(INSTRUCTIONS FOR THE TASK) Search the entries for the word "thoại". Copy every line where it turns up.

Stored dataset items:
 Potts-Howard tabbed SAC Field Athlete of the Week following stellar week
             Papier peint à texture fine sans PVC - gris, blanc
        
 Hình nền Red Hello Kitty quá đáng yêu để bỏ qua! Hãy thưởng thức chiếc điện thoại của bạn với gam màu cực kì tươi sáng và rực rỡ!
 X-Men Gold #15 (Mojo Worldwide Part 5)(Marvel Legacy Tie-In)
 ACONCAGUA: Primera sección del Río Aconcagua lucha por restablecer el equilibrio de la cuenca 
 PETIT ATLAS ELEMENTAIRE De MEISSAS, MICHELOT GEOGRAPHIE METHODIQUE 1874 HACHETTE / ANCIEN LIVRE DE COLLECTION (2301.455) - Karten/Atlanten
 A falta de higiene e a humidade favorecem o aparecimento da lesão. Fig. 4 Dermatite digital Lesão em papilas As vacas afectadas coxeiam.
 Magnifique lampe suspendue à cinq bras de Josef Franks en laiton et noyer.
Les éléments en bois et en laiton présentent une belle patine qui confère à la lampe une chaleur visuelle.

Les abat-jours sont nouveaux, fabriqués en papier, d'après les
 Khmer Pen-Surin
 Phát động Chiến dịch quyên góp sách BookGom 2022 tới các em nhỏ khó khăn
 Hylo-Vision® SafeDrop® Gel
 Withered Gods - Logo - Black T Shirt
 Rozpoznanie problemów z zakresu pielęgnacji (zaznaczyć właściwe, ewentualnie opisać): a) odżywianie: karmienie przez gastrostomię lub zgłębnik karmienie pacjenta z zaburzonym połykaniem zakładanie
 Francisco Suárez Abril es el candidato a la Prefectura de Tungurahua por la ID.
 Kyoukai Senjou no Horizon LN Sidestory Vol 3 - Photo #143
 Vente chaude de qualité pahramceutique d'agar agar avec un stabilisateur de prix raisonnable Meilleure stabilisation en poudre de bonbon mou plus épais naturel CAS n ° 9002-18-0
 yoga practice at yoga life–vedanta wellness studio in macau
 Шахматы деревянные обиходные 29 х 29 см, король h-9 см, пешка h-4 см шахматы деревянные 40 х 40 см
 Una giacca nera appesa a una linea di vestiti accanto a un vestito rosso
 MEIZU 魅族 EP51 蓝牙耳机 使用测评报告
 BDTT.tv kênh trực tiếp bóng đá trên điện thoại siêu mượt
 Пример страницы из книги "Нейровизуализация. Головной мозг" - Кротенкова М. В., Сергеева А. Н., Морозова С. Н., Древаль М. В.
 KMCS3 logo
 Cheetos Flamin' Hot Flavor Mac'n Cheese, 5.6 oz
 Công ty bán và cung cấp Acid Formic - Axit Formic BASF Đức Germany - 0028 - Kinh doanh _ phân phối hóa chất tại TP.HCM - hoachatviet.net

(RESPONSE TO THIS TASK)
 Hình nền Red Hello Kitty quá đáng yêu để bỏ qua! Hãy thưởng thức chiếc điện thoại của bạn với gam màu cực kì tươi sáng và rực rỡ!
 BDTT.tv kênh trực tiếp bóng đá trên điện thoại siêu mượt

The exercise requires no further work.